その3 消費税は相互チェックが働くので脱税しにくい
消費税とはじつは付加価値税です。そのことをまず説明しましょう。
GDPの説明でもよく使われるパン屋の場合を考えてみます。農家が土地と太陽から小麦を作り、それを100万円で製粉会社に売りました。消費税率が5%なら、この場合、製粉会社が農家に払う消費税は5万円です。
次に製粉会社はこの小麦から小麦粉を作りそれを150万円でパン屋に売りました。この場合、パン屋が払う消費税は150万円×5%で7万5千円ですが、製粉会社は小麦を仕入れる時にすでに5万円の消費税を農家に払っているので、2万5千円しか消費税を国に納めなくていいのです。
これはちょうど製粉会社が生み出した付加価値に消費税率を掛けたものと同じになります。パン屋は150万円で仕入れた小麦粉から200万円分のパンを作りそれを売れば消費者は合計で200万円×5%で10万円の消費税を払うことになります。しかしパン屋はすでに7万5千円の消費税を製粉会社に払っているので、結局2万5千円しか消費税を納めなくていいことになります。
小麦農家が納める消費税は5万円、製粉会社が納める消費税は2万5千円、そして、パン屋が納める消費税は2万5千円。合計で10万円。これはパンが産み出したGDPに消費税率を掛けたものに等しくなります。
しかしここにどういう利点があるのでしょうか?もう一度よく考えてみましょう。製粉会社は納める消費税を減らすためには小麦農家からいくらで原材料を仕入れたのか記録しないといけません。同様に、パン屋は製粉会社から小麦粉をいくらで仕入れたか記録しないといけません。
税金をごまかすのは基本的にはふたつの方法しかなくて、それは売上を減らすか、経費を増やすかです。この場合、小麦農家が売上をちょっと抜いて申告すると、製粉会社の仕入れが減ることになり製粉会社が余分に消費税を払うことになります。それでは製粉会社が怒ってしまうでしょう。小麦農家が単独で売上をごまかせば、製粉会社の帳簿と矛盾が生じます。
あらゆる事業がさまざまな取引先を必要としており、世の中の経済活動が相互につながっているので、消費税の場合、誰かが税金をごまかしても税務署が業者間の帳簿を調べれば簡単にわかってしまうのです。このように自然と強力な納税の相互監視が働くのが消費税のいいところです。
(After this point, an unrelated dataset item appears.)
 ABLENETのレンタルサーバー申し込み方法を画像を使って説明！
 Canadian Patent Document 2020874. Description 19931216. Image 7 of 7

日本では売上が一定額より少なければ消費税を顧客から取っても、その消費税を納めなくてもいいという益税など、本来の付加価値税的なしくみがしっかりと機能していません。
欧州諸国では、インボイス制度を導入して、仕入れ値を正確に捕捉できるようになっています。インボイスとは消費税額が記載された請求書のことです。インボイスがなければ仕入者は仕入れで払った消費税の控除ができないというしくみです。売上側と仕入れ側の相互チェックが働き、過大仕入れや過小売上の計上による脱税行為が困難になり、税がガラス張りになります。
日本もインボイス制度を導入して、付加価値に対してフェアに課税できる、脱税できない消費税を導入するべきです。逆にいえば、脱税できない制度だからこそ、日本で数が多く政治力が強い中小零細企業の反対で、なかなかインボイス制度が導入できていないわけです。